On your nightstand now:
Crackpot Palace by Jeffrey Ford. This is a collection of short stories by one of my favourite American writers. I think it's the fourth collection of his I've read. His work is stuffed full of ideas, humour, invention and inspiration.
Favorite book when you were a child:
Treasure Island by Robert Louis Stevenson, still the best book ever for children. I was fascinated by Long John Silver. He was a bad guy, but you couldn't help warming to him and you wanted him to get away with his crimes. Stevenson taught you how charmers work their magic. "Jim, you're smart as paint, you are." I think it worked as an antidote to magnificent charmers and has served me well in life. This is what great writing should offer: insight and wisdom.
Your top five authors:
William Faulkner, Charles Dickens, Shirley Jackson, Graham Greene, Charlotte Brontë and 50 others.
Book you've faked reading:
Iron in the Soul by Jean-Paul Sartre. A copy protruded neatly from my blazer hip pocket such that the author's name could be clearly seen. I couldn't get past 10 pages it was so dull, but it was important that other people saw that I was an "existentialist," even though I didn't really know what an existentialist was.
Book you've bought for the cover:
Journey to the East by Herman Hesse, protruded neatly from the other hip pocket.
Book you're an evangelist for:
Of Mice and Men by John Steinbeck. Recently, here in the U.K., a cabinet minister has banned Of Mice and Men from the school curriculum, where it has been massively popular with teachers. The minister says he wants "more British literature" in schools. Idiot. Literature in the same language knows no borders. Steinbeck is a giant who wrote an extraordinary book that seems simple at first glance but which has no bottom.

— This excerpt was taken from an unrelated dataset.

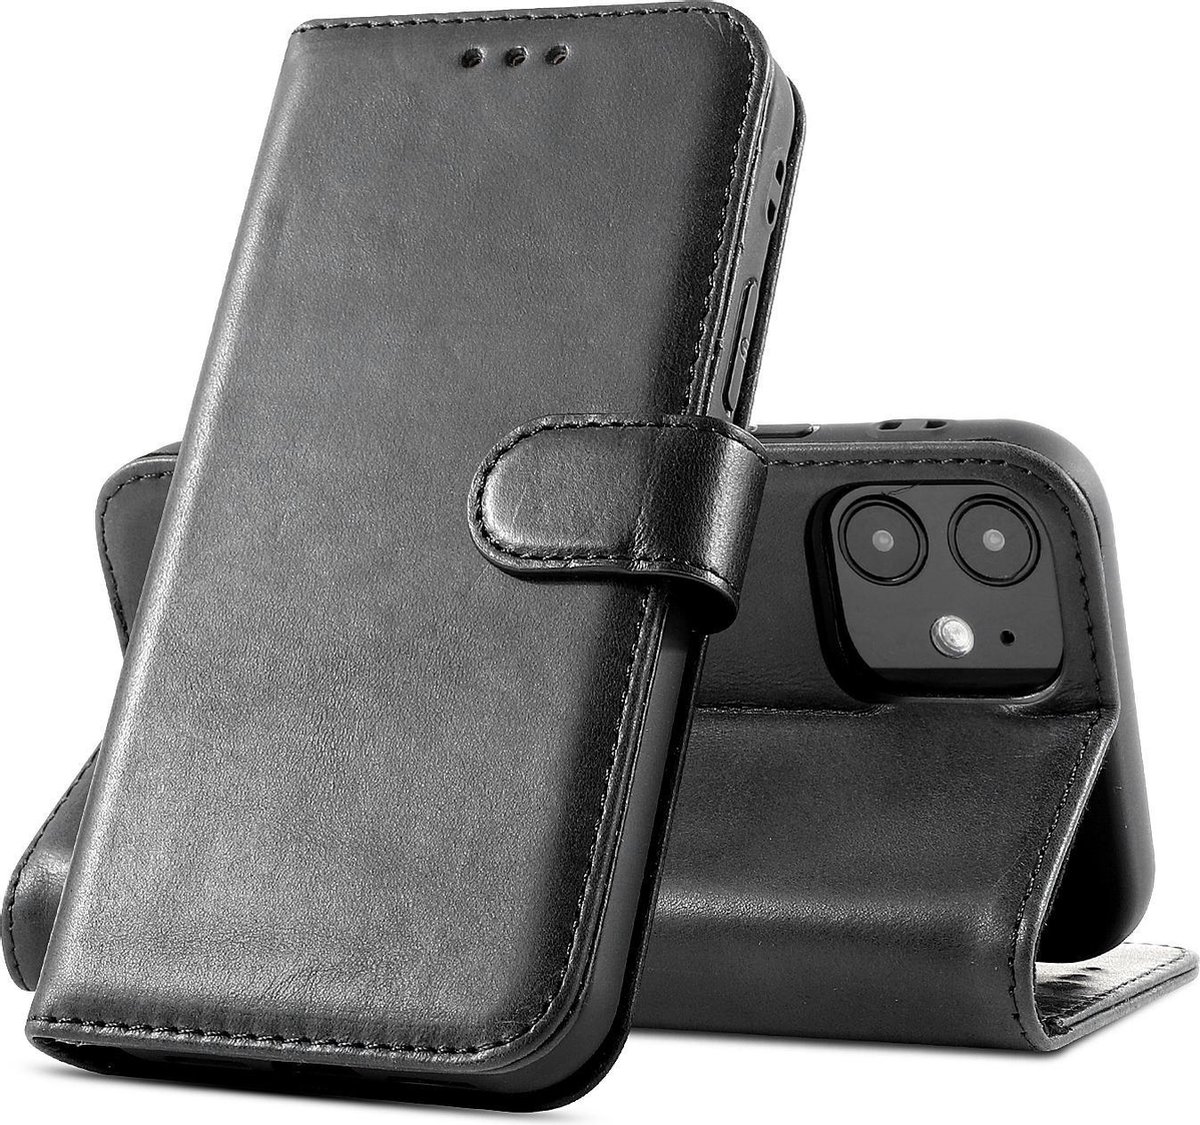 Klassiek Design - Echt Lederen Hoesje - Book Case Telefoonhoesje - Echt Leren Portemonnee Wallet Case - iPhone 12 Mini - Zwart

Book that changed your life:
Would be nice and self-serving to say Chekhov or Proust or someone posh, but it wouldn't be true. The work that changed my life and made me want to write was written by a boy on the school bus. I was 15. This lad in the grade above me was waving a sheaf of poems around, and he seemed happy for anyone to take a look. I grabbed them, ready to mock. They were damned good. I thought, "If he's at the same school as me, and on the same bus as me, then maybe I could write, too." So this one is for Gordon, the unpublished boy on the bus.
Favorite line from a book:
That would have to be from Anthony Burgess in his novel Earthly Powers: "It was the afternoon of my eighty-first birthday, and I was in bed with my catamite when Ali announced that the archbishop had come to see me."

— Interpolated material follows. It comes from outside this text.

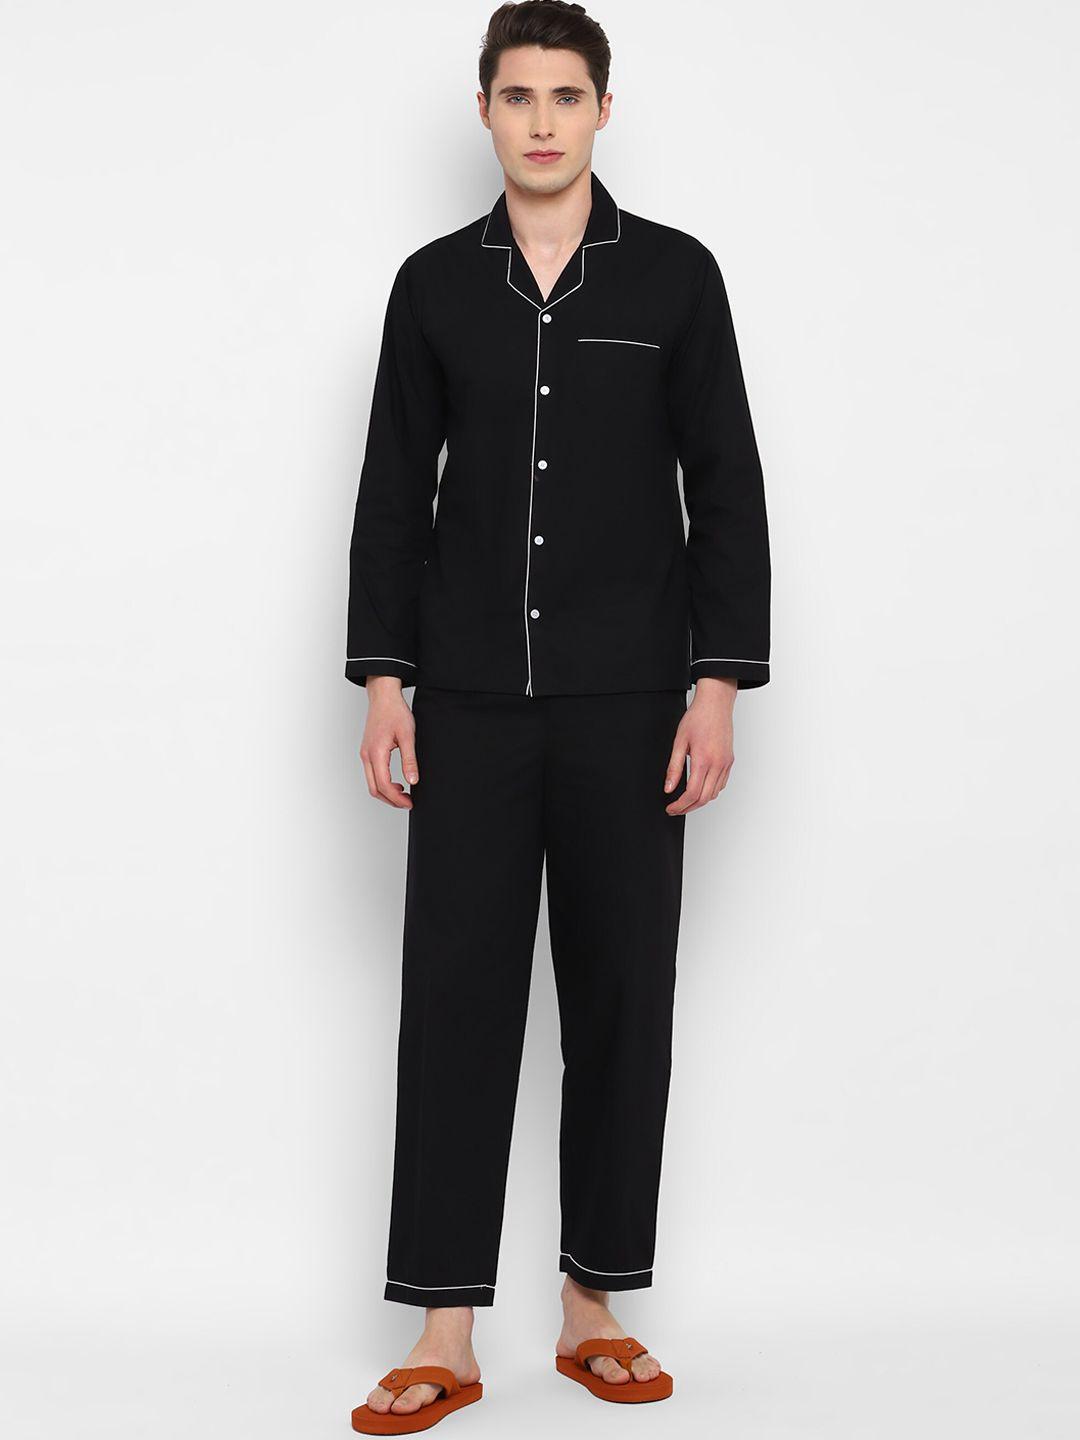 shopbloom pure cotton night suit mc-01-ls

Which character you most relate to:
Wilbur Larch, the doctor from The Cider House Rules by John Irving. He was the founder of an orphanage, a deeply compassionate but flawed man.

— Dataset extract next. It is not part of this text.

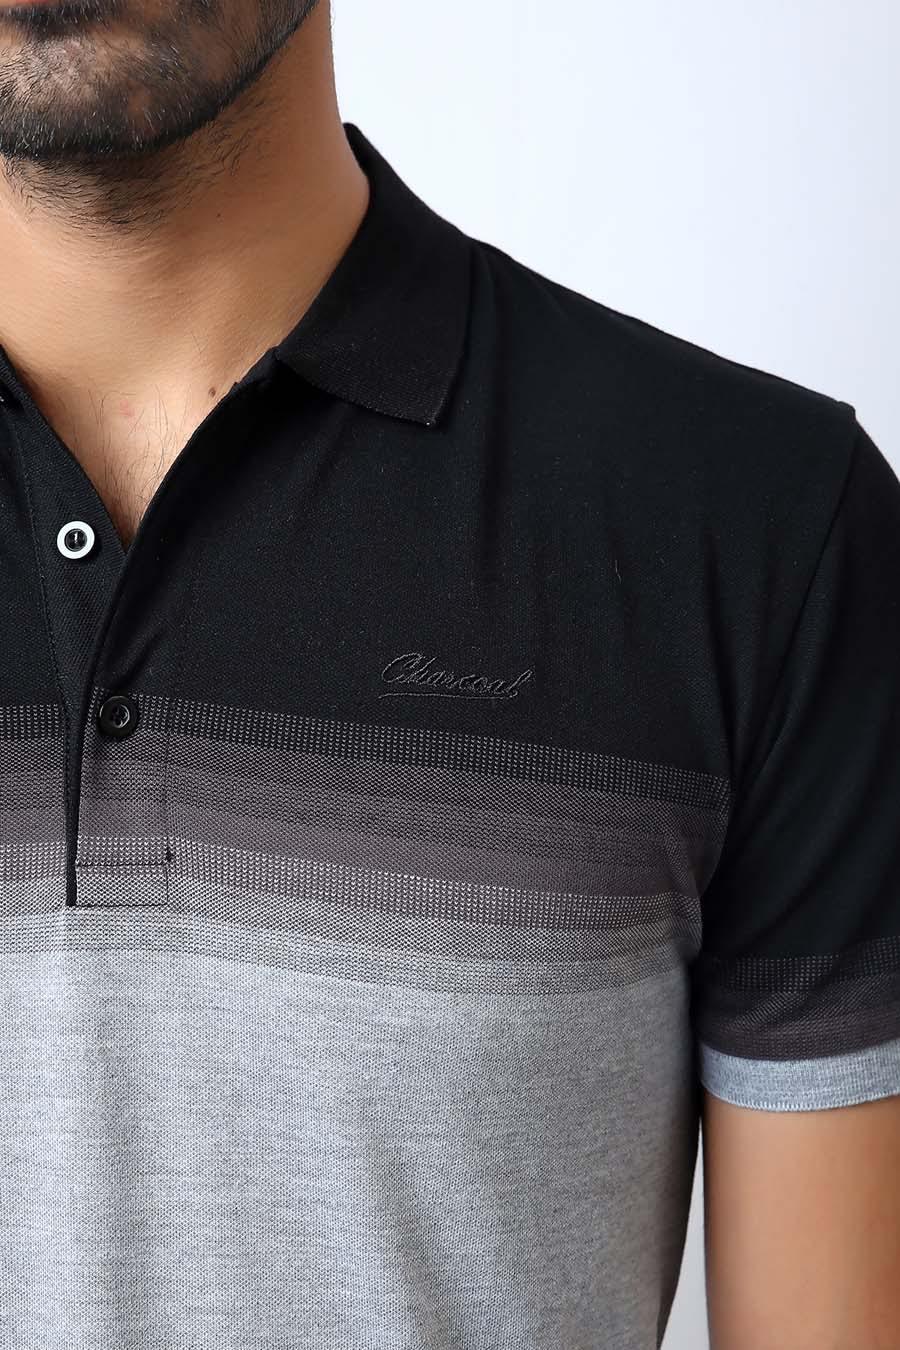 T Shirt Polo Grey Black at Charcoal Clothing

Book you most want to read again for the first time:
Travels with My Aunt by Graham Greene. Greene had this notion that he could divide his books between "serious" and "entertainments." This book confirms that his "entertainments" are just as good if not better than his serious stuff. It's a riot.
Book you wish you had written:
The Name of the Rose by Umberto Eco. A perfect integration of so-called "genre" and "literary" values. It's a masterpiece.